With Women’s History Month rolling along, we took a few minutes to speak with Susan Veidt, regional president and GM of Fleishman-Hillard‘s St. Louis office. F-H recently appeared on the list of “Top 50 Companies for Executive Women” compiled by the National Association for Female Executives. Veidt leads the firm’s largest office/HQ in St. Louis and manages the company’s central region, which includes offices in Chicago and Kansas City.
We discussed the strides that women are making in the industry, and the places yet to go. On the issue of pay, which we previously discussed with Professor Bey-Ling Sha from San Diego State University, Veidt says that the way women communicate is one hurdle.
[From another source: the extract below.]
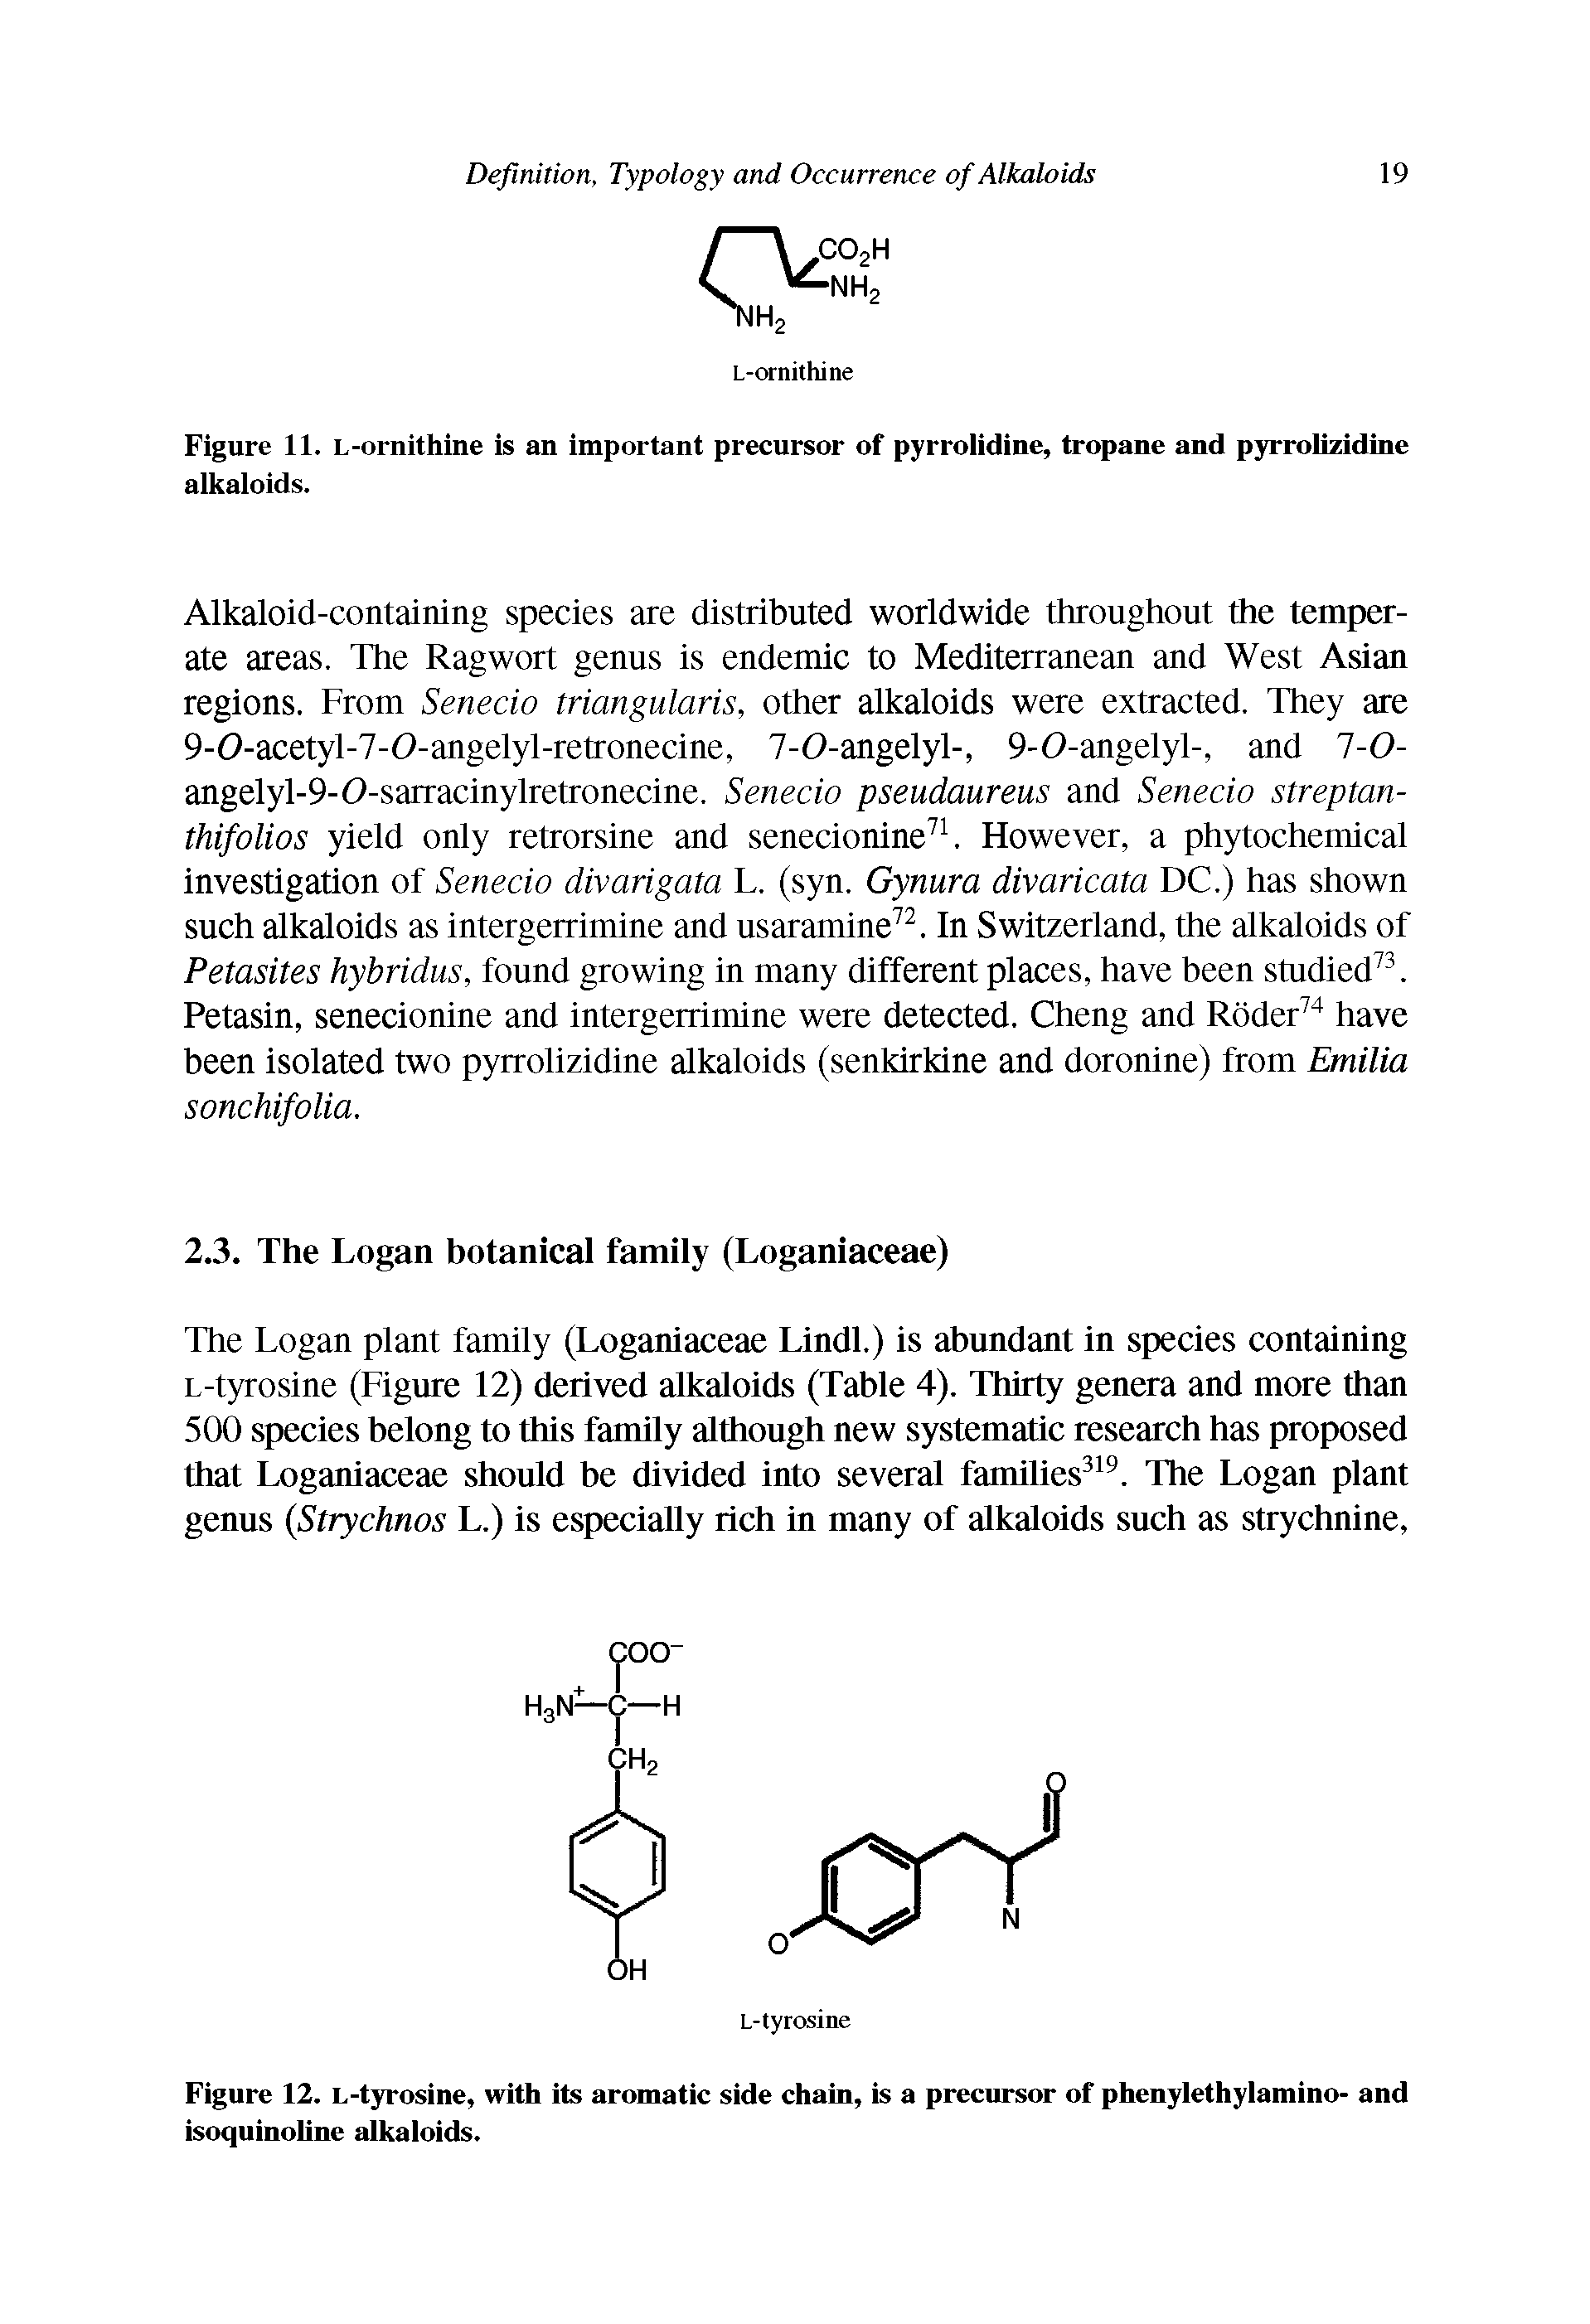 Figure 11. L-ornithine is an important precursor of pyrrolidine, tropane and pyrrolizidine alkaloids.

“Women don’t advocate as aggressively or negotiate as strongly, so I think that might be one reason why the disparity exists,” she told us.
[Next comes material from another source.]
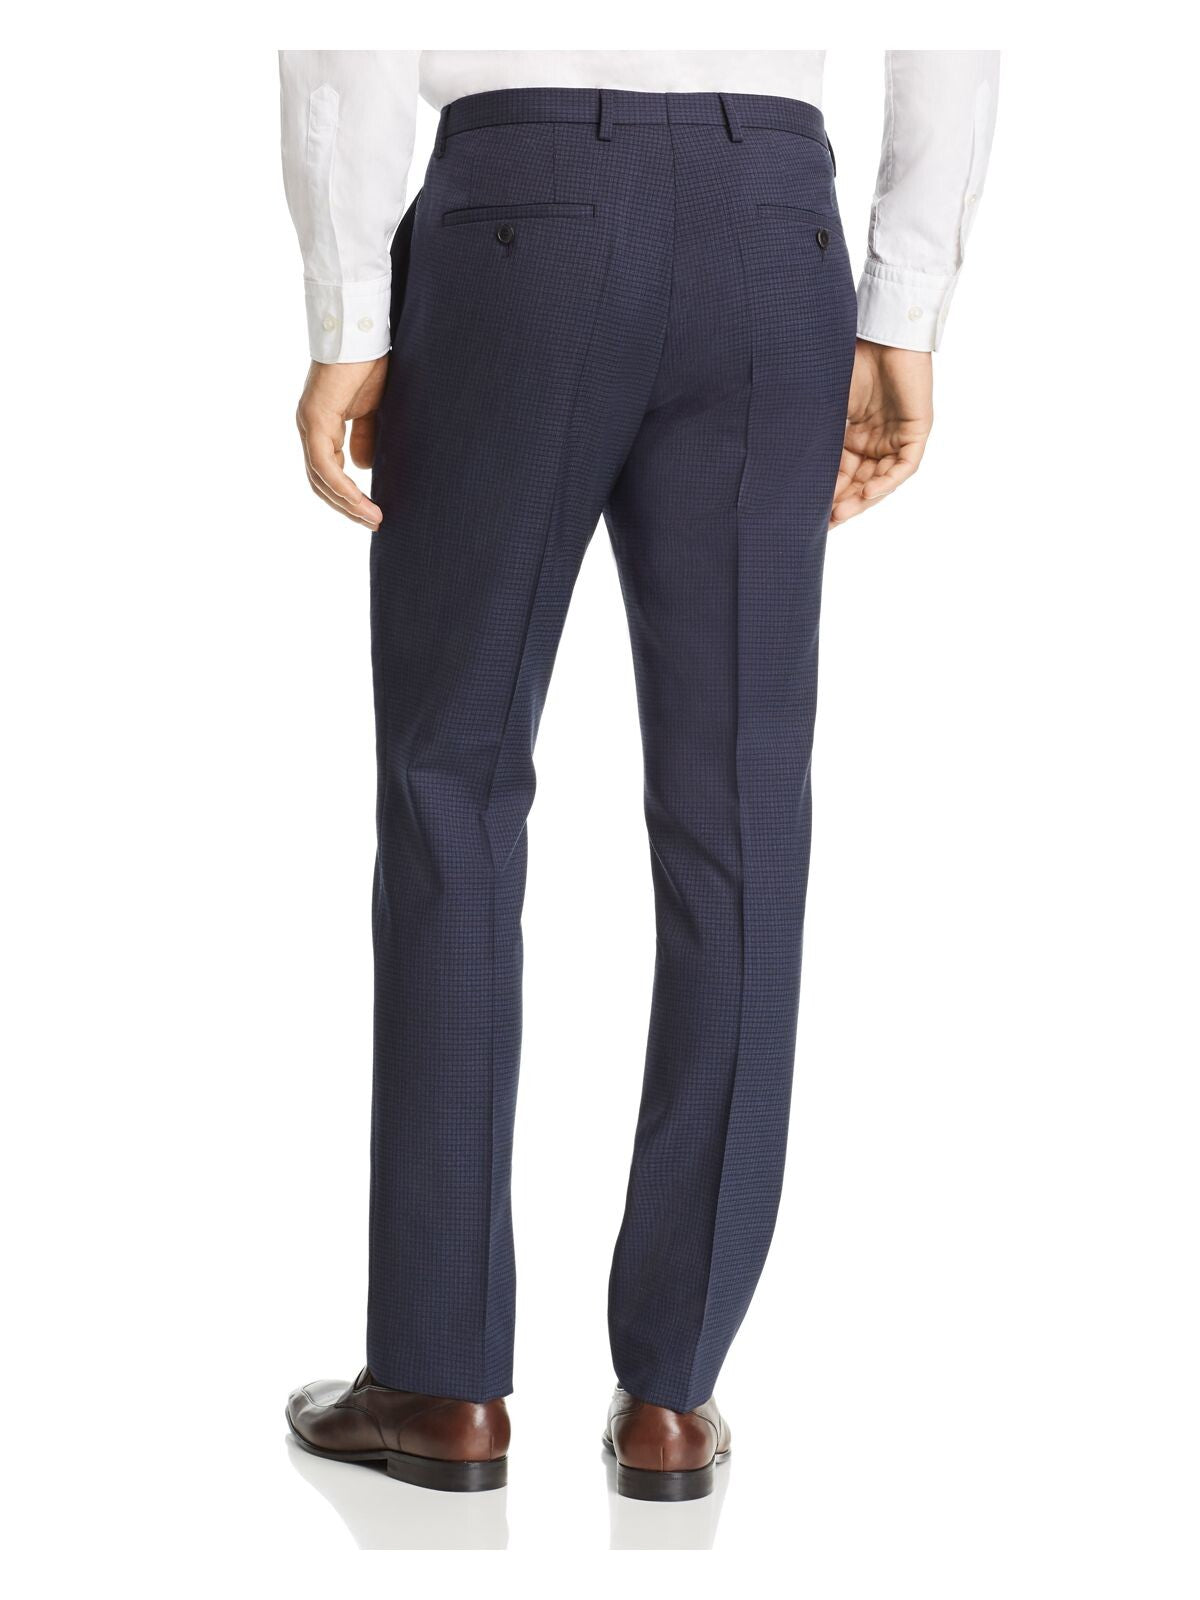 HUGO BOSS Mens Black Label Navy Flat Front, Tapered, Check Regular Fit Wool Blend Suit Separate Pants 38R

Click through for more of our discussion on women and the PR profession.
Do you find, not just there at your firm but across PR, that there are more women reaching the management level?
Definitely so. Many of the group leaders, for example, in the region that I manage are women. Three of the four offices are managed by women. Our chief operating officer is a woman. So I think women are taking their rightful place in management, and are taking strong leadership positions and are being compensated accordingly.
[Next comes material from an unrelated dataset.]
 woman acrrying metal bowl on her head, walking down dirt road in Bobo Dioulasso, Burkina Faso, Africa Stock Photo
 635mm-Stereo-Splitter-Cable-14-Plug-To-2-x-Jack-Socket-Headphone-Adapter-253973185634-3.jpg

What can PR firms do to encourage women in their careers?
Certainly training, not only in skills but in financial management — the management of large accounts and the management of large teams. Through training we can encourage people to realize their full potential.
And mentoring. It’s important to identify talent that has the potential to grow and take us to some new and interesting places, to find the people who can be the future leaders of our industry and our companies, and to aggressively work with them to help them to achieve.
Through talent mapping, talent mentoring, and proactively doing career mapping with individuals, it benefits not only the individuals involved but the organization as well.
We wrote about F-H’s appearance on NAFE’s list. Can you talk about the impact that has on your work and business?
It affects us in many ways that are positive. I do a lot of recruiting and I’ve interviewed five or six candidates in the last two or three days and three of them have mentioned the recognition. They’re interested in Fleishman-Hillard because they are attracted by that, they value it, they see this company as a place where they’re going to get great opportunities. So it has tremendous impact on the recruitment and retention of new talent.
It’s important to our clients because, in many cases, they aspire to have women in management in their companies. They seek to work with companies that look like them in that regard. It speaks well to our overall reputation and how we can provide a very balanced and diverse viewpoint in the counsel we offer.
I mentioned that women make up a large segment of the PR population. Why do you think women are so attracted to PR in the first place?
It offers the ability to be creative, the opportunity to make a difference, and we’re able to do great things on behalf of our clients. It’s a profession in which you can use your talents and skills, express them creatively, and make a meaningful impact on society or on a client’s business.
It requires great problem-solving, teamwork, and persuasion, as well as finding common ground. And I think both men and women can succeed in an environment that’s very team-oriented. And it plays to the strength of women as team builders.